Three green technology companies emerged as among the more interesting companies at the Launch Silicon Valley pitch-fest yesterday.
Several hundred entrepreneurs and investors gathered in Mountain View, Calif. for the annual ritual, where 30 hand-picked companies gave a ten-minute pitch.
D. Light Design Wants to Eliminate Kerosene Usage
Sam Goldman and Ned Tozun, both second-year Stanford MBAs and co-founders of startup D. Light Design, want to eliminate the use of kerosene lanterns in developing countries with a product called Forever-Bright.
The product’s working prototype is a white box about half the size of a loaf of bread with bright LEDs for interior home lighting and hookups to charge cell phones and power radios. The device can be charged with solar photovoltaic cells, or, for villagers capable of traveling to grid-connected power sources, they can charge the device and bring it back to their homes.
Goldman (right in picture above) says one quarter of the world’s population, or about two billion people, rely on kerosene lanterns for interior home lighting at night. With most of these people subsisting on average incomes of about one dollar a day, they’re paying up to 15 percent of their income on kerosene, not to mention exposing their families to toxic pollutants and the risk of fire.

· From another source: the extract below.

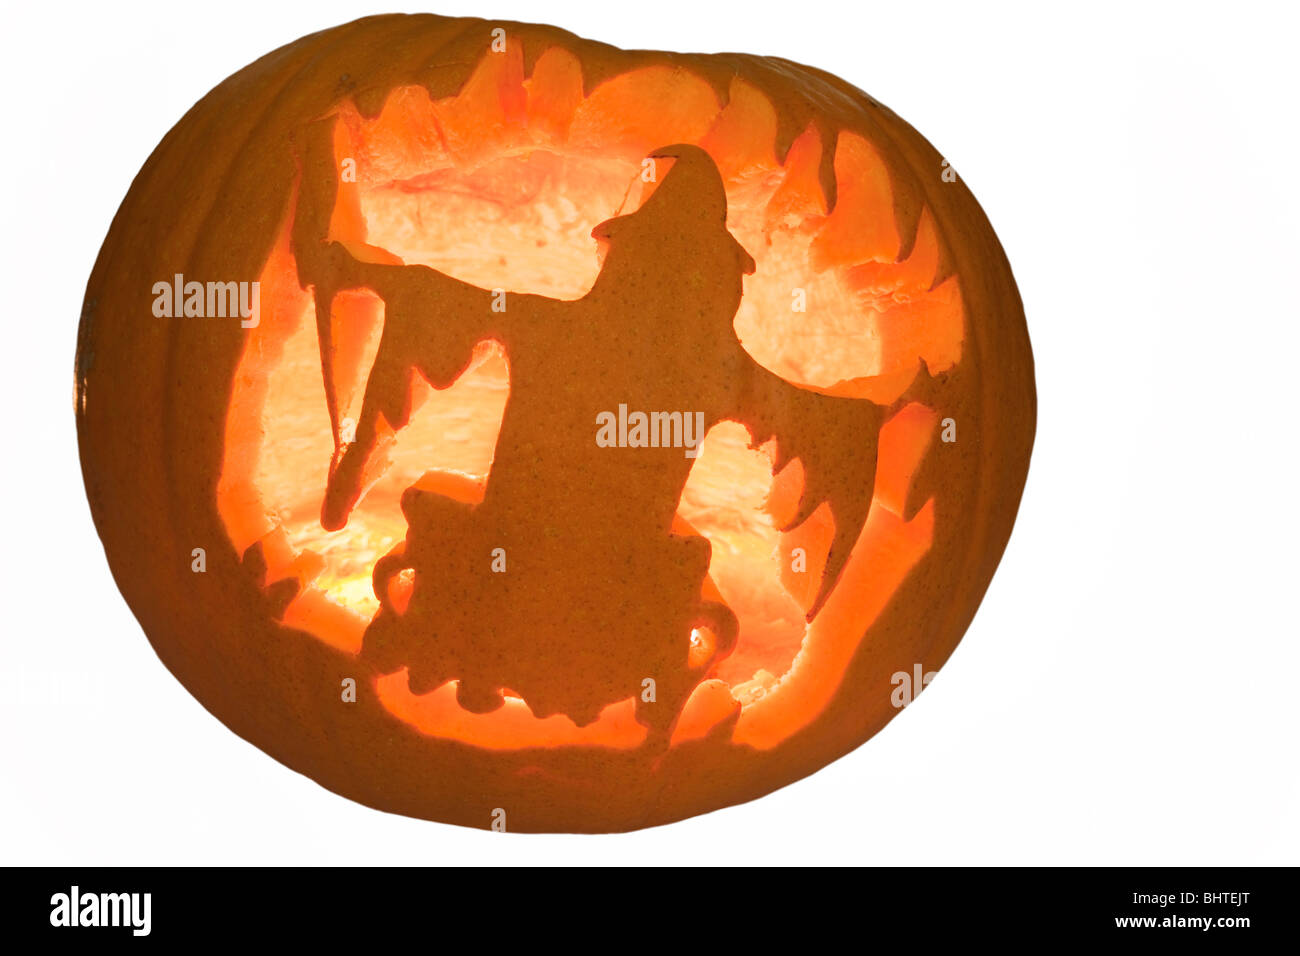 Scary Halloween zucca lanterna con scolpito forma strega e illuminato con una candela incandescente all'interno Foto Stock
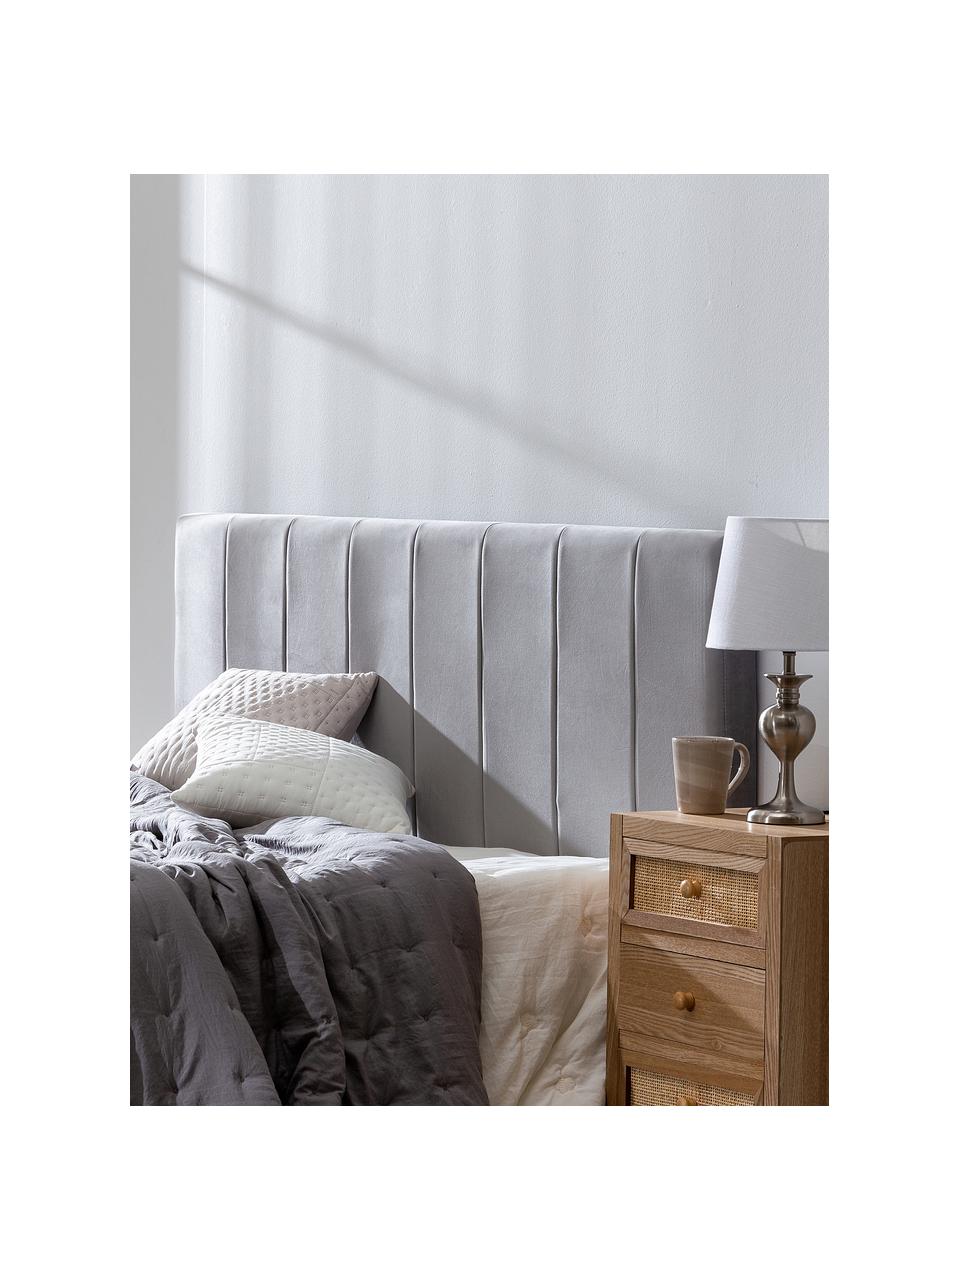 Zagłówek do łóżka tapicerowany z aksamitu Adrio, Tapicerka: 100% aksamit poliestrowy, Stelaż: drewno naturalne, metal, Szary aksamit, S 160 x W 64 cm

Goldman tells VentureBeat Forever-Bright’s manufacturing cost is low enough to retail the product for as little as $10 a unit and still generate a profit for the company. The young startup is seeking patents for its proprietary circuitry.
We first mentioned these guys in December, when we heard Ned Tozun (left in picture) pitch at Stanford, and he won the pitching competition. At the time, comments on that story pointed out competitors, such as Mightylight. Mightylight’s LEDs (see story in Time) sell for $50, so are more expensive than D. Light’s planned price. We’ll have to wait to see whether D. Light delivers.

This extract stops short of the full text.